**EXERCISE AIM**.
Repeat exactly the lines of the records below, starting at the line containing "A construction site with machinery and sand." and ending at the line containing "MGD3 60K Combi". Leave the pictures out.

**EXERCISE MATERIALS**.

◇ ◇ ◇ ◇ ◇

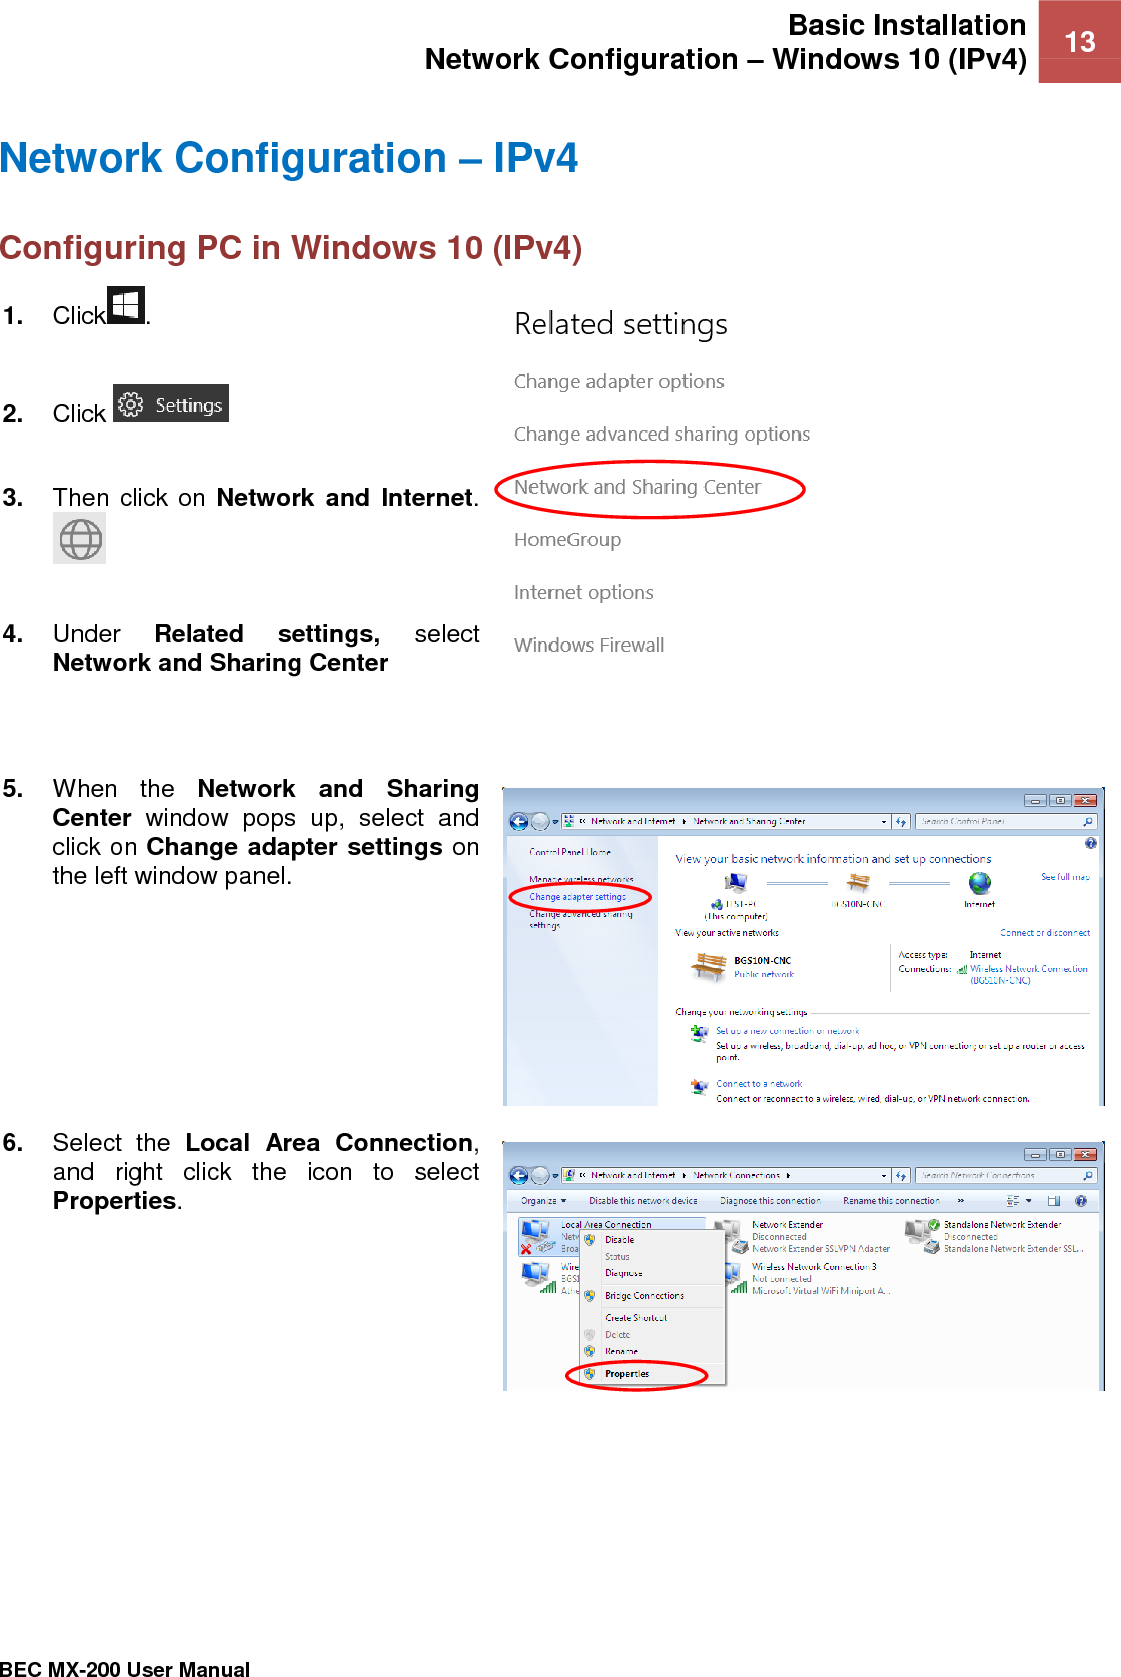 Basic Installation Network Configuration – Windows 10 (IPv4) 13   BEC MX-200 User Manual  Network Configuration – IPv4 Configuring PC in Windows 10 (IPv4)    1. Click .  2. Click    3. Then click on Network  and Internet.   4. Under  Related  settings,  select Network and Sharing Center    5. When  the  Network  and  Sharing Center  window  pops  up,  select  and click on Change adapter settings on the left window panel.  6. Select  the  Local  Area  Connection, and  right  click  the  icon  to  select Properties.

◇ ◇ ◇ ◇ ◇

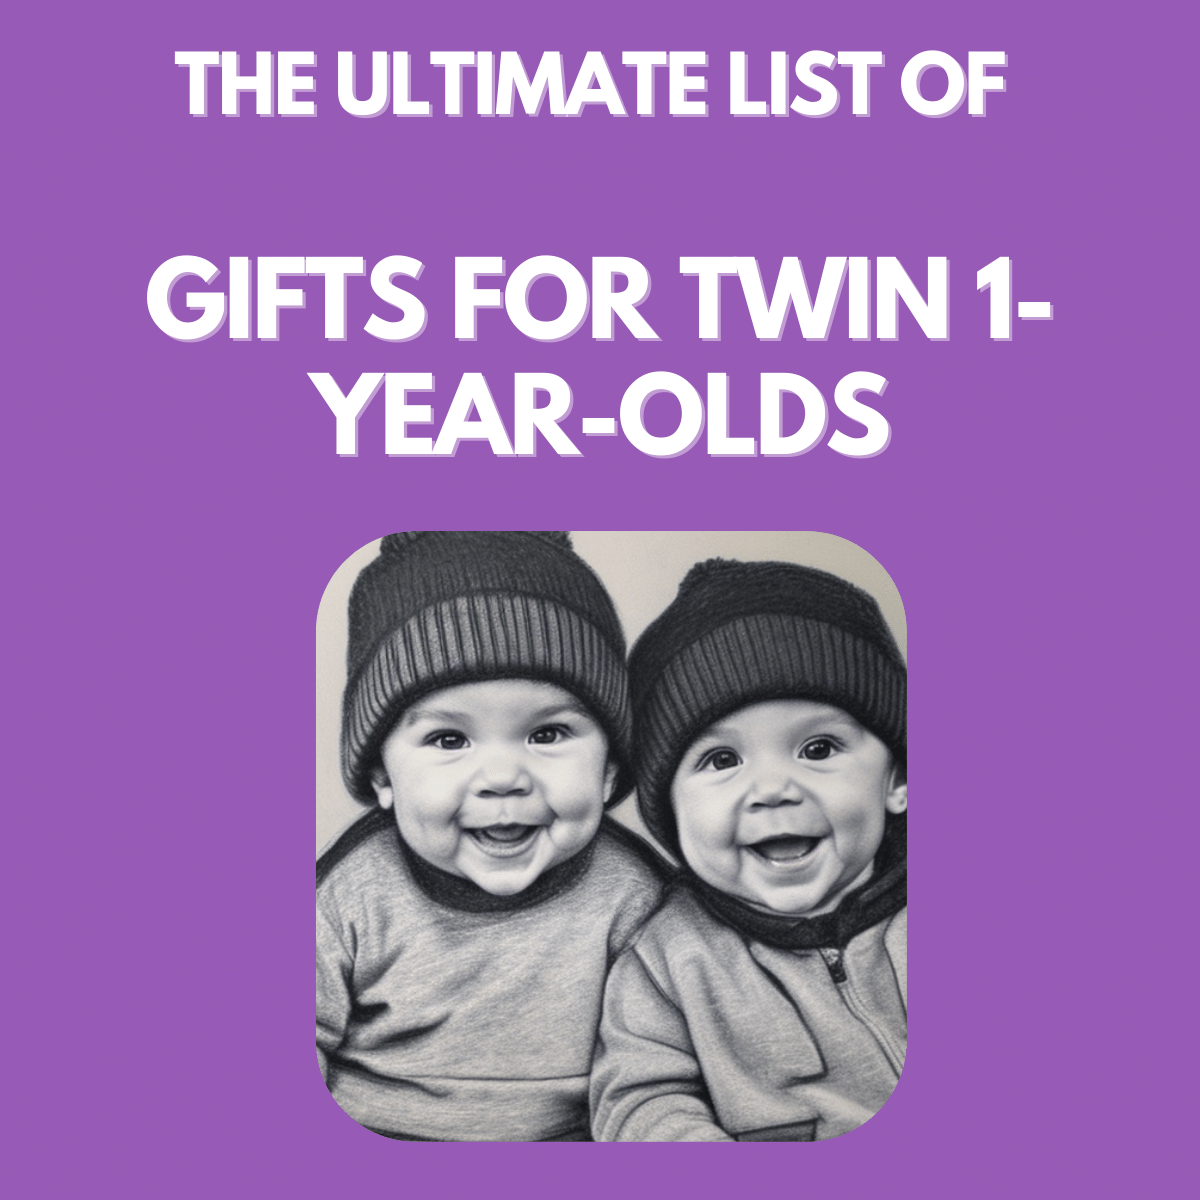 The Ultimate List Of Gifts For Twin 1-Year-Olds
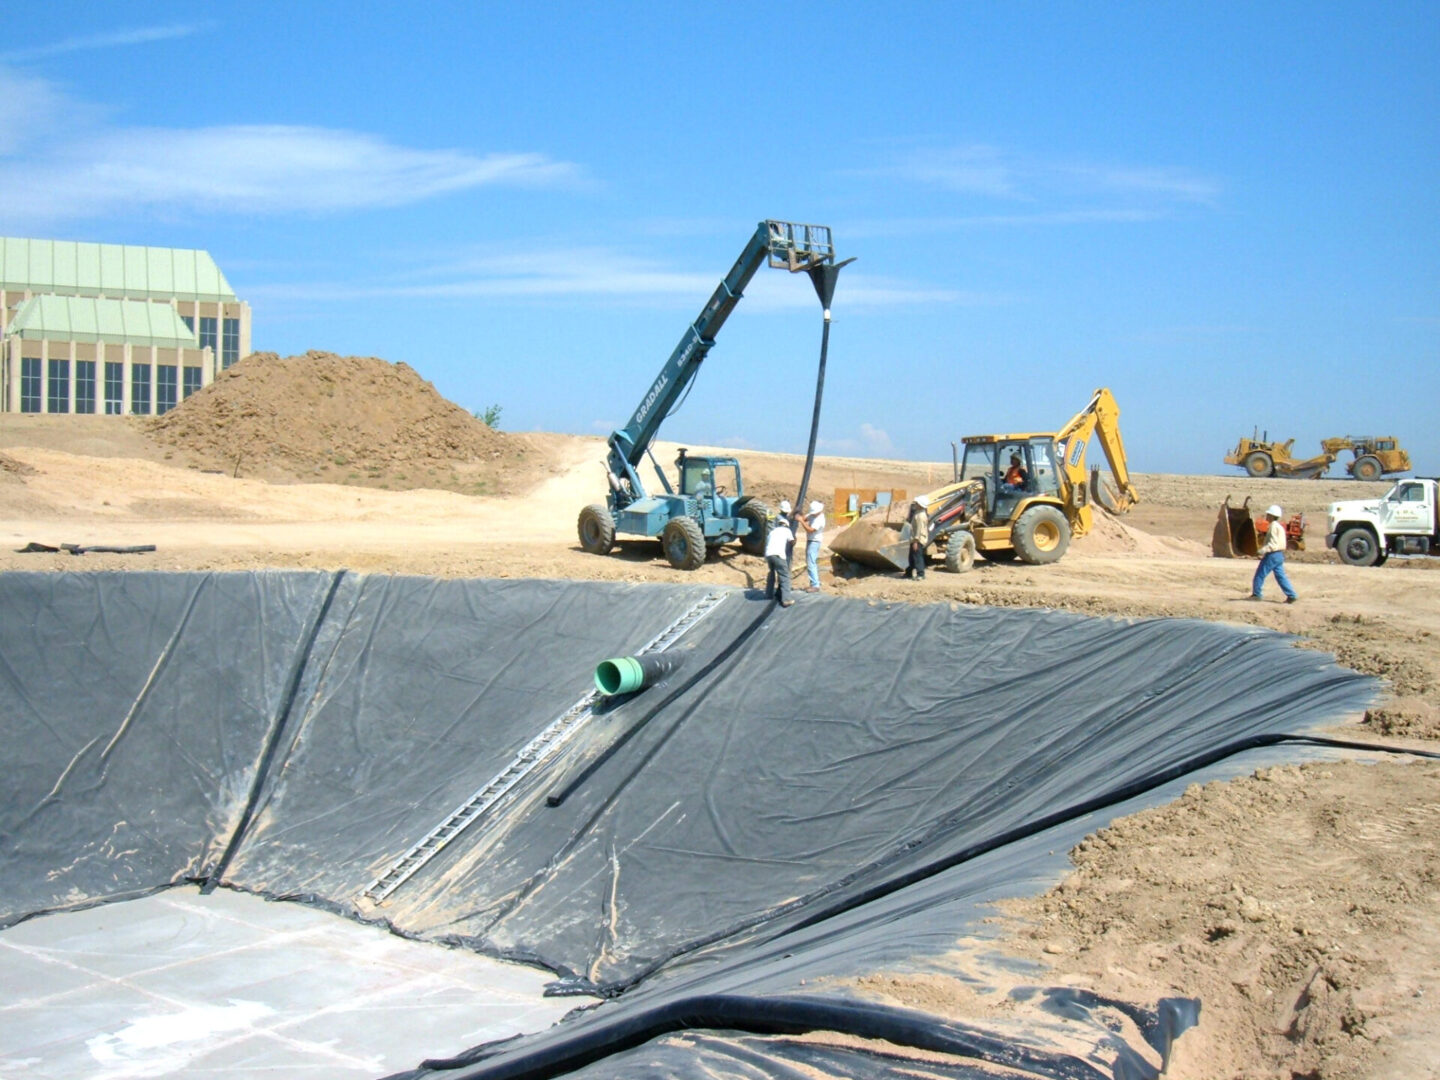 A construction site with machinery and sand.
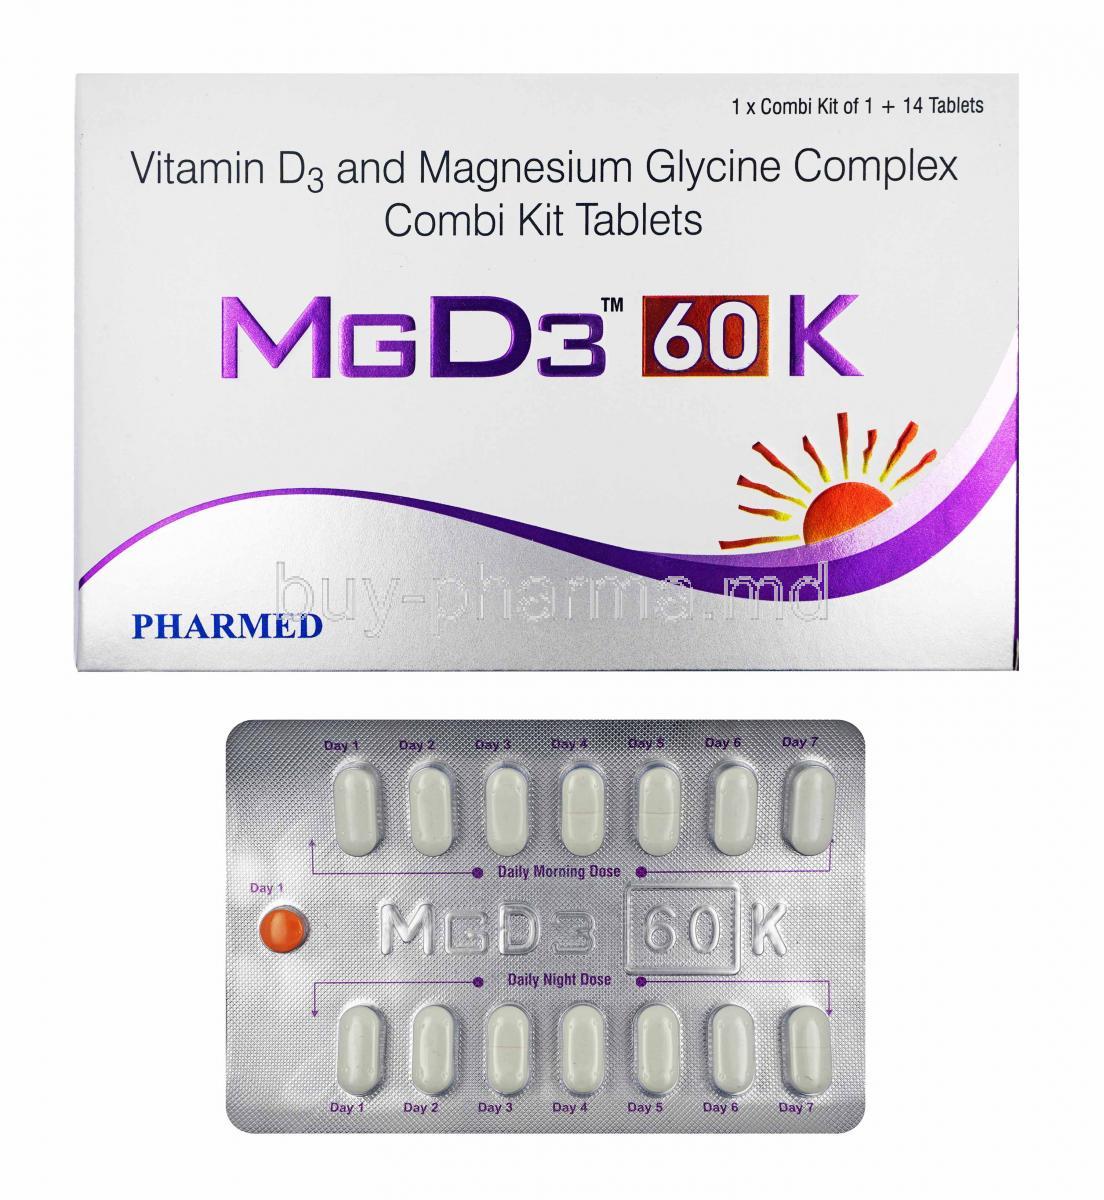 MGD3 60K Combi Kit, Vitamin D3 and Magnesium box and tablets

◇ ◇ ◇ ◇ ◇

**REPLY**.
 A construction site with machinery and sand.
 MGD3 60K Combi Kit, Vitamin D3 and Magnesium box and tablets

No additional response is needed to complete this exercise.